Hello, I'm using BGL in my project and, with some input data, I get - sooner or later, as I run r_c_shortest_paths many times - a segfault. This behaviour is apparently quite random, as I can see by implementing a custom visitor that the last label evaluated before the crash changes all the time. I must also say that the graph I use, while always having the same topological structure, has different properties that affect labelling each time I run the algorithm and these vary quite randomly from one run to the other, as they are generated by a random heuristics. Anyway, with one particular set of input data, I manage to have the program segfault (as I said, sooner or later) 100% of the times. This is far from being an MWE, but it's the best I could produce. I tried to debug the memory leak with valgrind and it turns out that r_c_shortest_paths_dispatch is trying to access memory in a block previously freed by: l_alloc.deallocate( cur_outer_splabel.get(), 1 ); in r_c_shortest_paths.hpp:314. After some debugging I started to believe that the problem doesn't rely with my code, but it might be a bug in r_c_shortest_paths.hpp. If this is actually the case and where the problem lies, though, I haven't been able to figure out with certainty. The output from valgrind can be found here: http://pastebin.com/raw.php?i=WWafwFv3 (output cleaned up and with templates substituted) http://pastebin.com/raw.php?i=cb3p6jzM (raw output intended to facilitate reading and with templates substituted) http://pastebin.com/raw.php?i=qeauBQTm (raw output indented to facilitate reading) http://pastebin.com/raw.php?i=hpppf49c (raw output) My code (the whole project) can be found here: https://github.com/alberto-santini/maritime-vrp In order to run it, one must have a licensed copy of CPLEX and change the include and library paths in the Makefile's accordingly. Unfortunately, without putting the labelling part inside a price-and-branch procedure (that uses CPLEX as a solver for the master problem) I wasn't able to produce input data by hand that would lead me to obtain the segfault. I understand this is not the best way to investigate into a bug and will be happy to provide any further help if requested to. Thanks, AS -- View this message in context: http://boost.2283326.n4.nabble.com/BGL-memory-leak-in-graph-r-c-shortest-pat... Sent from the Boost - Users mailing list archive at Nabble.com.

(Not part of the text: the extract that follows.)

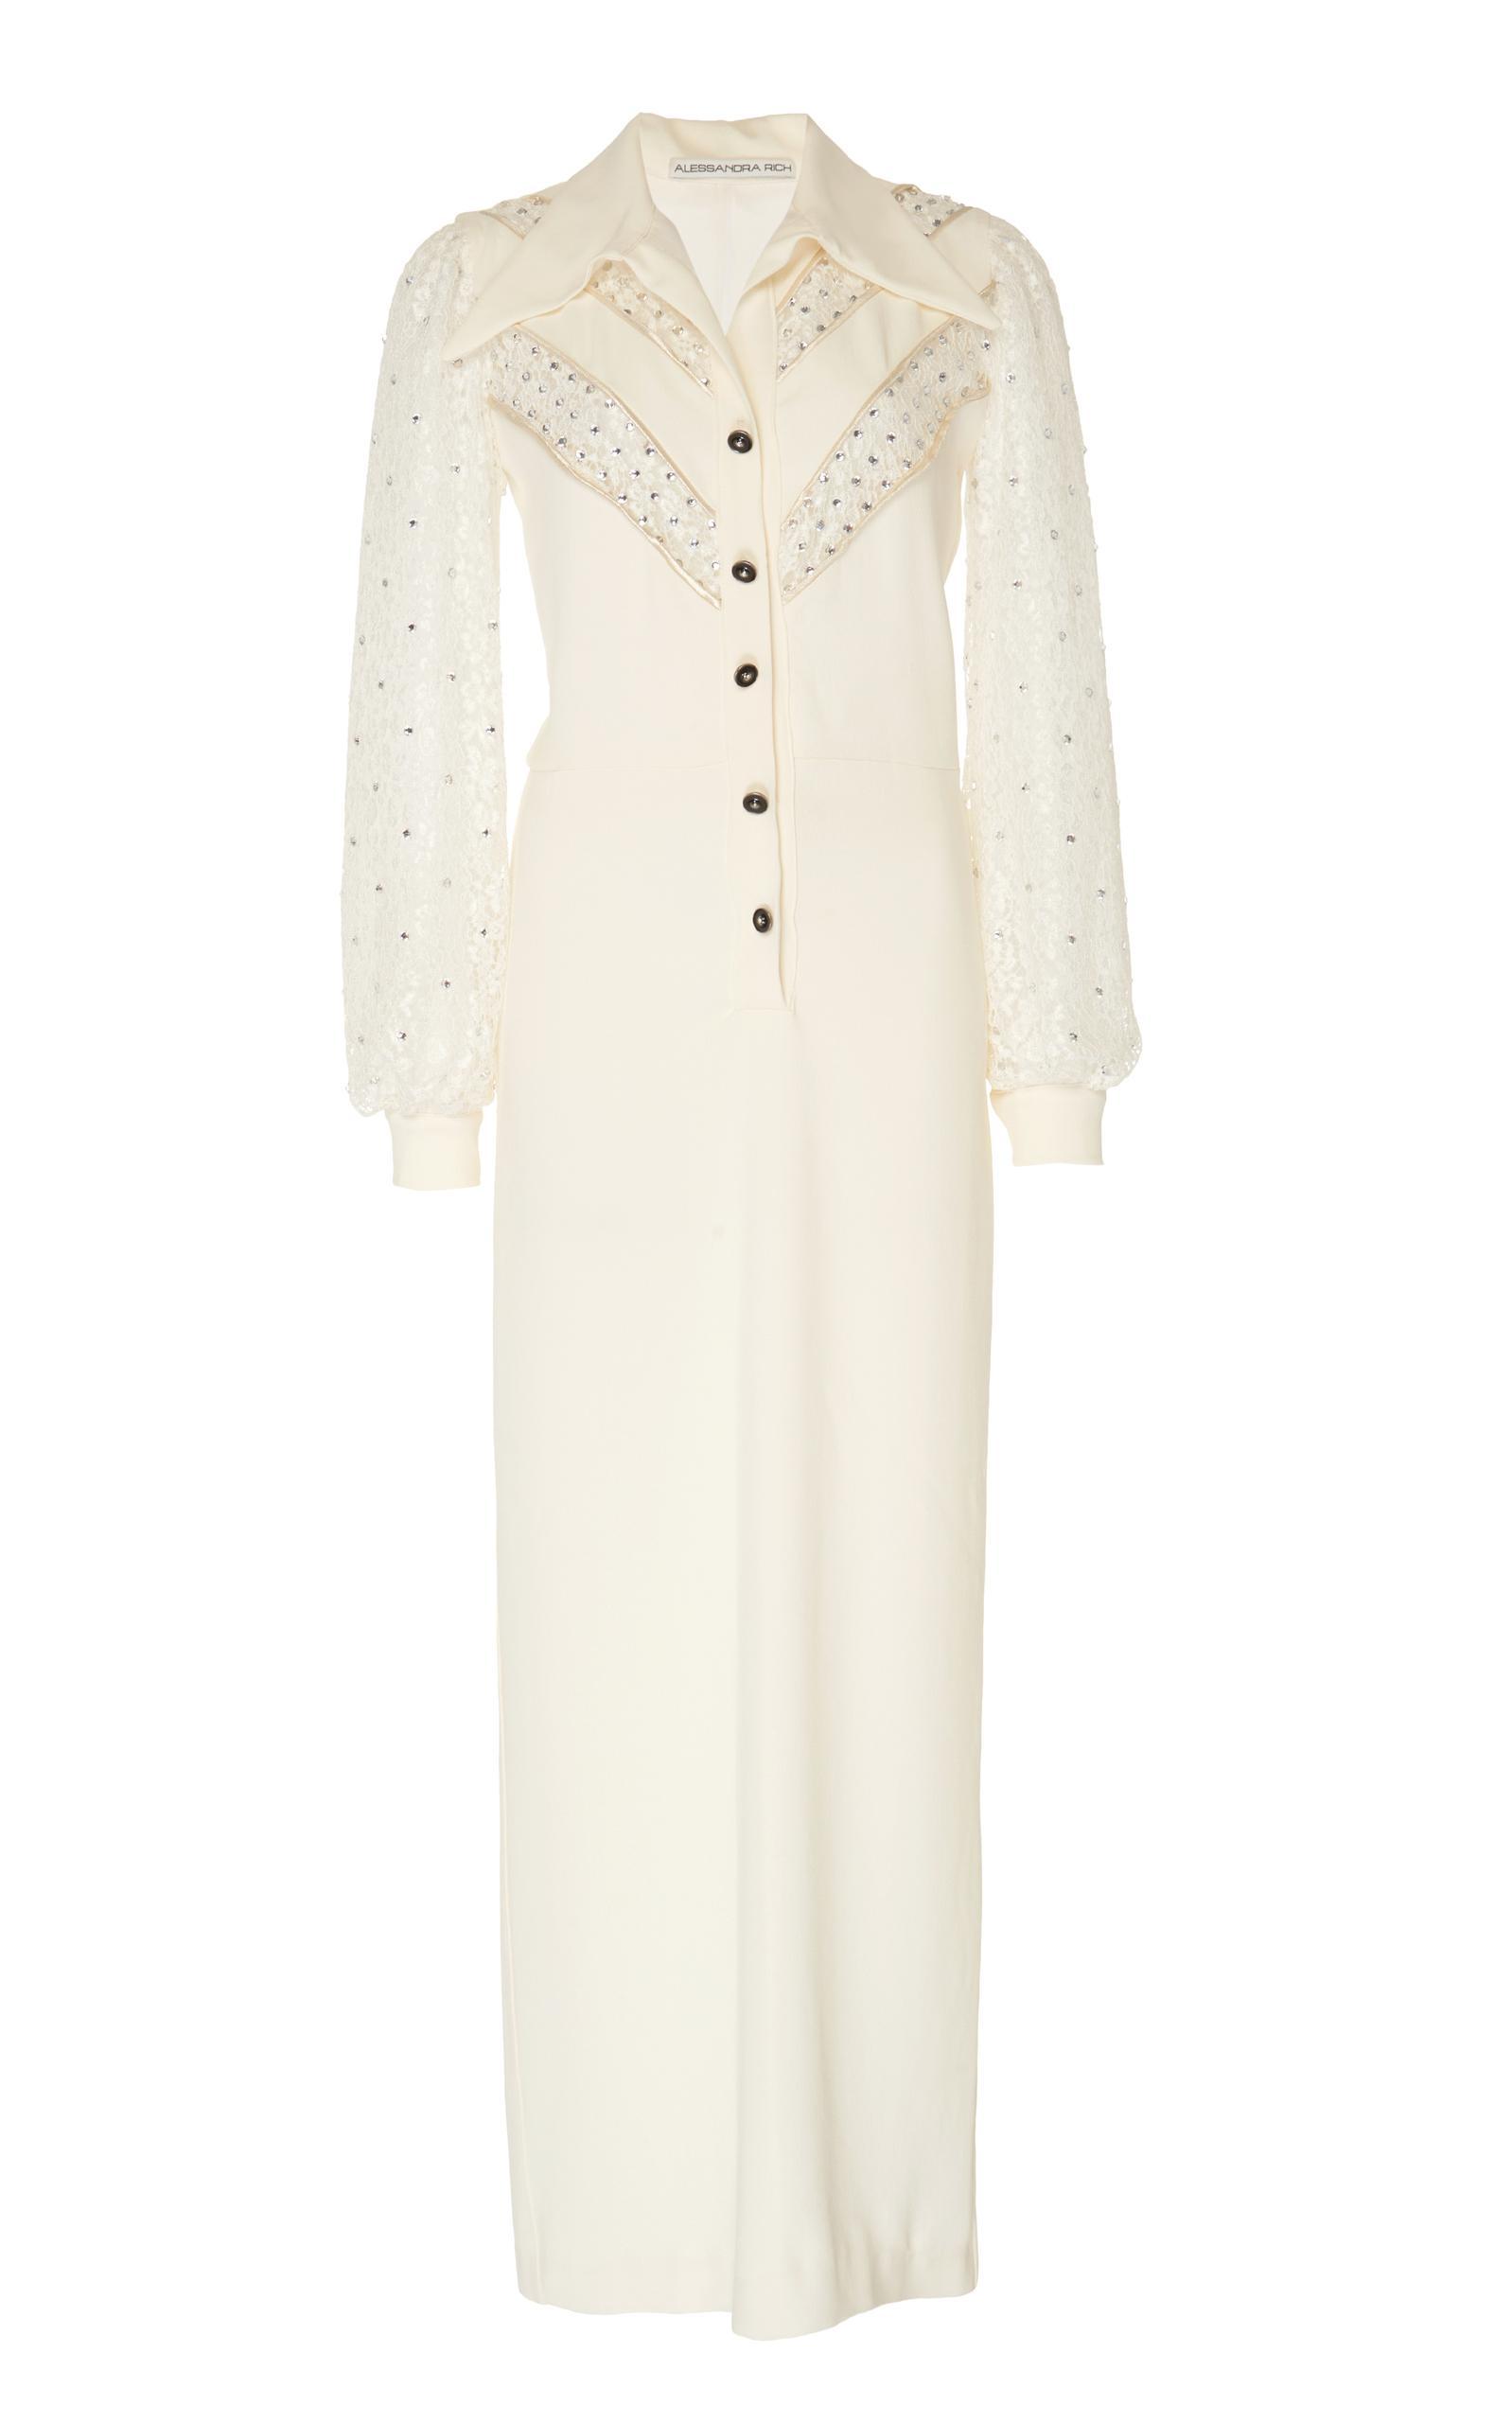 Alessandra Rich Embellished SablÉ Midi Dress In White

On Mon, 23 Sep 2013, potato_research wrote:
Hello,
I'm using BGL in my project and, with some input data, I get - sooner or later, as I run r_c_shortest_paths many times - a segfault.
This behaviour is apparently quite random, as I can see by implementing a custom visitor that the last label evaluated before the crash changes all the time. I must also say that the graph I use, while always having the same topological structure, has different properties that affect labelling each time I run the algorithm and these vary quite randomly from one run to the other, as they are generated by a random heuristics.
Anyway, with one particular set of input data, I manage to have the program segfault (as I said, sooner or later) 100% of the times. This is far from being an MWE, but it's the best I could produce.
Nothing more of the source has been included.